The victorious nations who’d fought the First World War adopted the poppy as a mark of respect for their fallen countrymen in the early 20s, following the campaigning of American YWCA volunteer worker Moina Michael, who had been inspired by Canadian Lieutenant Colonel John McCrae’s poem ‘In Flanders Fields’. Production of the artificial remembrance poppy began with Frenchwoman Anna E Guerin, whose poppy-sellers in London caught the attention of Field Marshal Haig; his prominent role with the Royal British Legion ensured the poppy would henceforth be taken up by that organisation and equivalent ones throughout the Commonwealth and North America.

The white poppy is often portrayed as a newfangled pacifist alternative to the traditional red poppy, yet its origins almost stretch back as far as the senior one. Its birth reflected the strong anti-war sentiment of the 30s, when the prospect of being dragged into global conflict again was vehemently opposed by a generation still getting over WWI. The Co-operative Women’s Guild introduced the white poppy in 1933, viewed as a way of remembering the dead without creating the climate for more; even then, some regarded the red poppy as possessing an inherent glorification of military valour, employed as it was by politicians seen as dangerously warmongering, such as Churchill. Critics of the white poppy at the time of its introduction associated it with, at best, lily-livered appeasement and, at worst, the British Union of Fascists. Its divisive symbolism hasn’t really changed much in 80 years, with Mrs Thatcher famously dismissing the white poppy in the 1980s.

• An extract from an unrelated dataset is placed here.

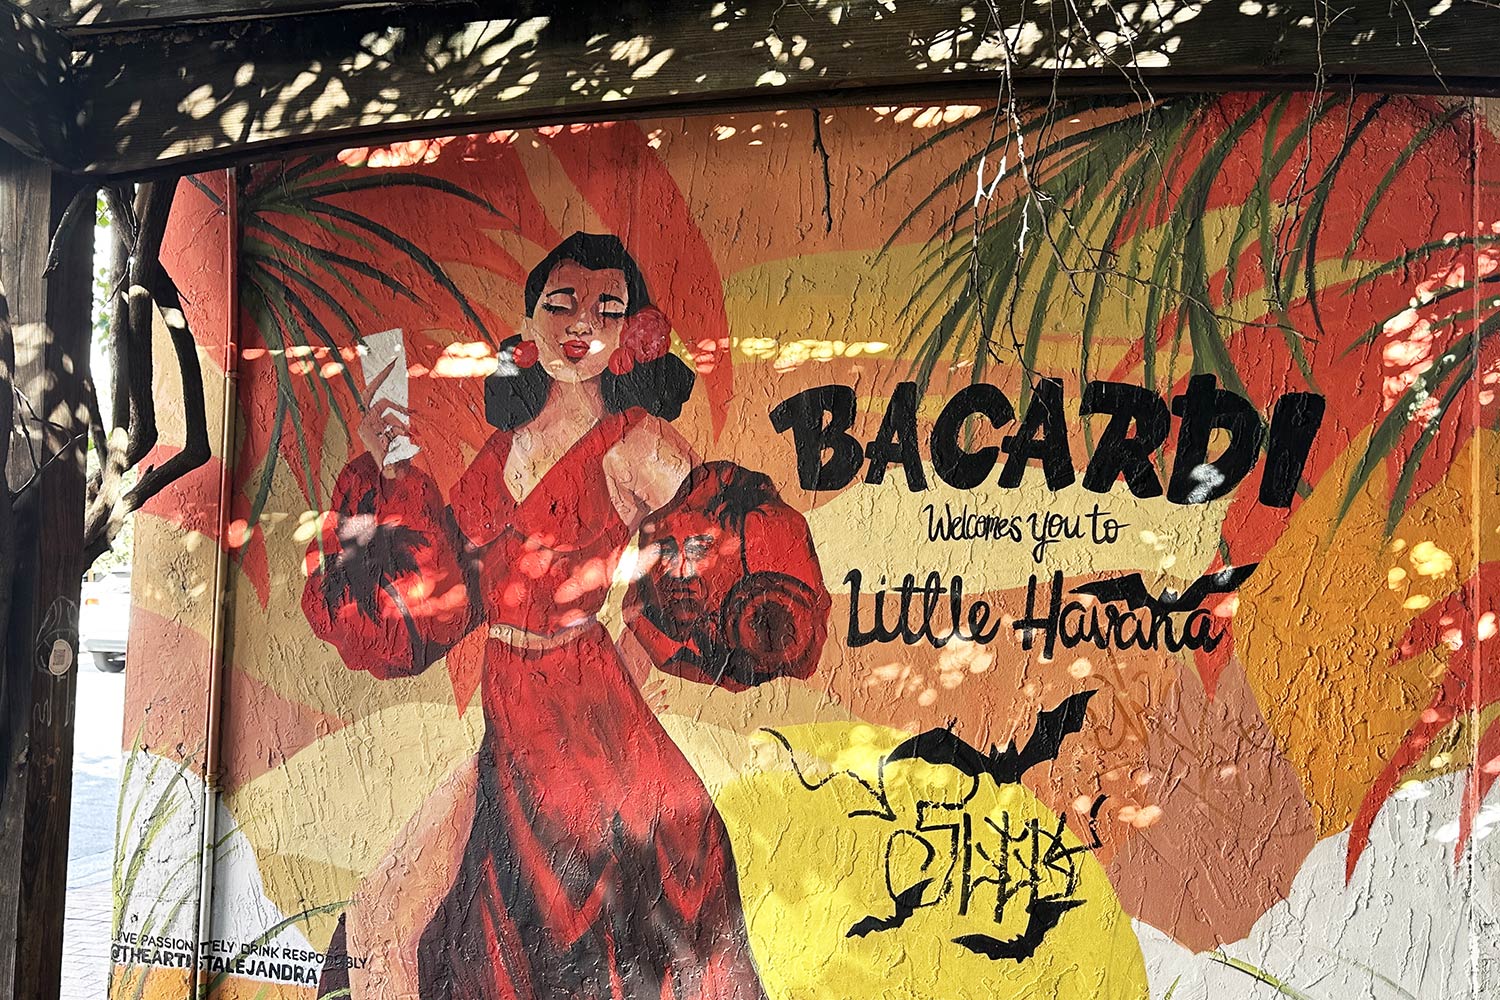 Little Havana in Miami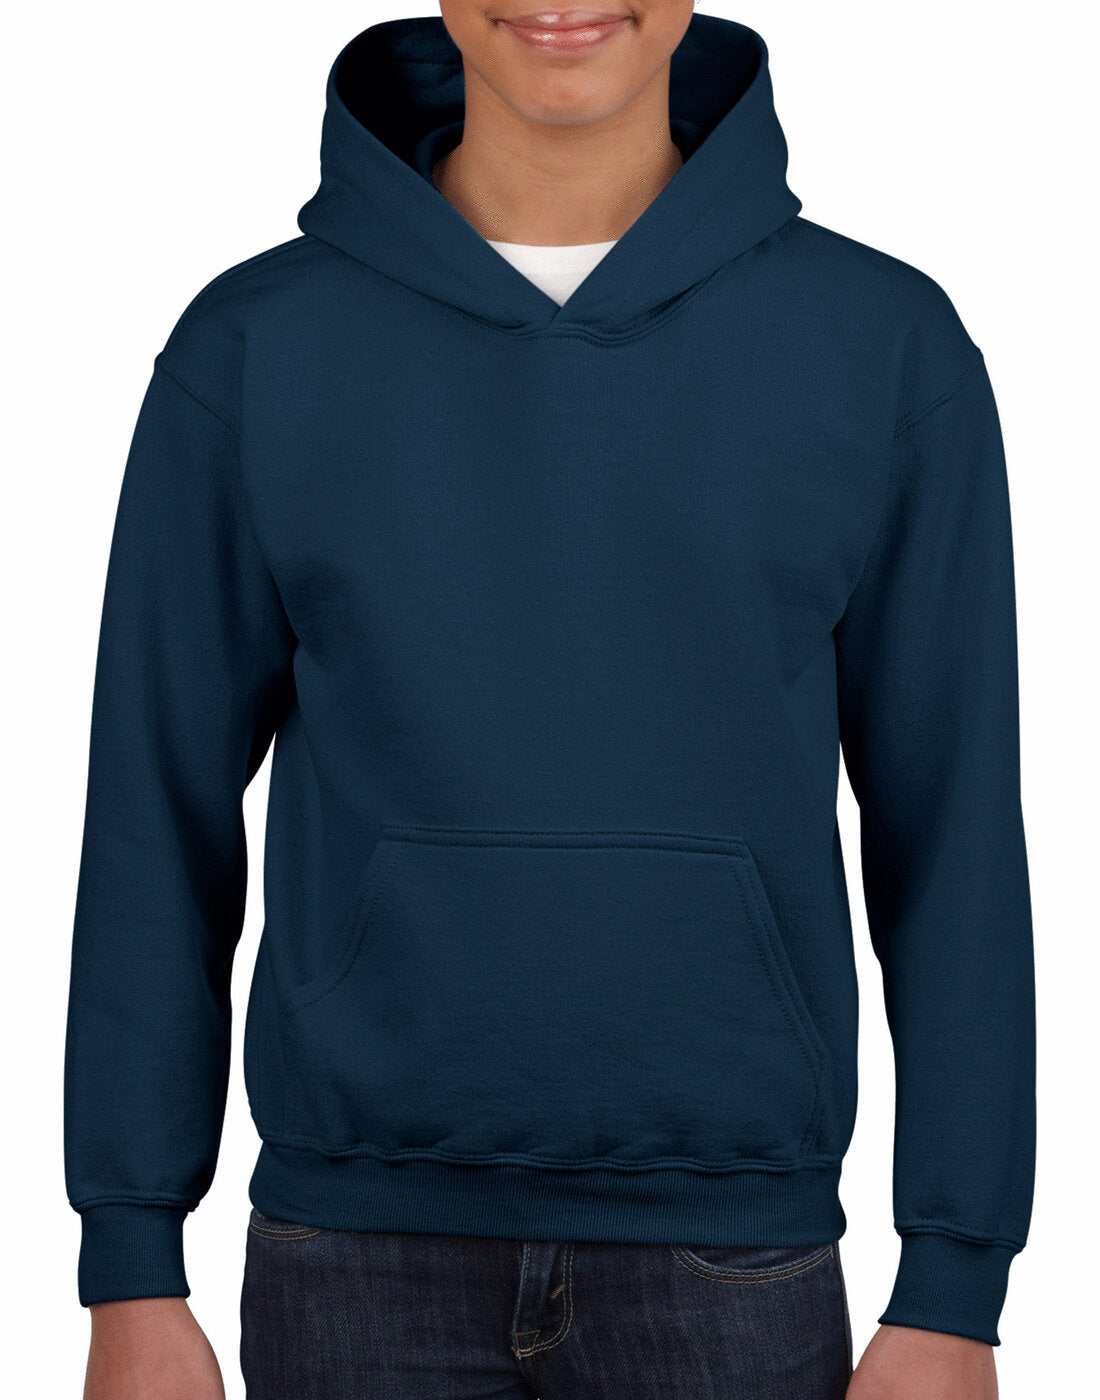 Gildan Kids Heavy Blend Hooded Sweatshirt - Navy

Recent military adventures with less black-and-white clarity than the Second World War have seen veterans of previous conflicts claim the poppy is all-too frequently used as a political tool of virtual emotional blackmail, pressurising people into wearing them even if they disagree with British interventions in the likes of Iraq and Afghanistan. This opinion was supported by the last survivor of the First World War, Harry Patch, whose quote ‘War is Organised Murder’, was emblazoned on the outfits worn by these veterans when they laid a wreath of white poppies at the Cenotaph in 2010.

In Northern Ireland, the poppy has an especially incendiary image; worn with pride by Unionists and regarded by Nationalists as glorifying an army they have always viewed as oppressors, the sectarian controversy has even stretched to the sports arena in Scotland, when Celtic (Glasgow’s traditional Catholic giant) took to the field for a match in 2010 with poppies on their shirts. It has even crossed the border with players plying their trade in England. West Bromwich Albion’s James McClean is a Catholic Ulsterman, and his refusal to wear a poppy on his shirt around the time of Remembrance Sunday emanates from his roots in Derry, scene of Bloody Sunday. The online abuse he, and Channel 4 News anchorman Jon Snow, have received for not wearing a poppy in the run-up to November 11 reflects the continuing arguments over choice when it comes to the poppy.

The so-called ‘poppy garden’ surrounding the Tower of London in 2014 was a powerful visual statement on war during the centenary of World War I, yet was utilised as convenient propaganda by David Cameron’s Government at a moment when the Coalition were quietly cutting funding for the Imperial War Museum. Again, any criticisms were cannily shouted down as politicians exploited the response of the public to the display, which seemed a little too close for comfort to the floral excess outside Kensington Gardens following Diana’s death to me. This year, the decision of FIFA to ban the England and Scotland teams wearing poppies on their shirts for the upcoming World Cup qualifier has provoked the kind of outrage from the usual suspects, but it really should be down to the individual if they choose to remember the fallen that way, not a corrupt governing body hardly in a position to lay down the law, nor, it has to be said, a tabloid newspaper.

I personally haven’t worn a poppy since I was a child, but does that make me an Enemy of the People (as the Daily Mail would say)? I don’t think so. Wearing a poppy is optional, not compulsory. If the public have to be told how they have to remember the dead, they’re deserving of the emotional manipulation they receive.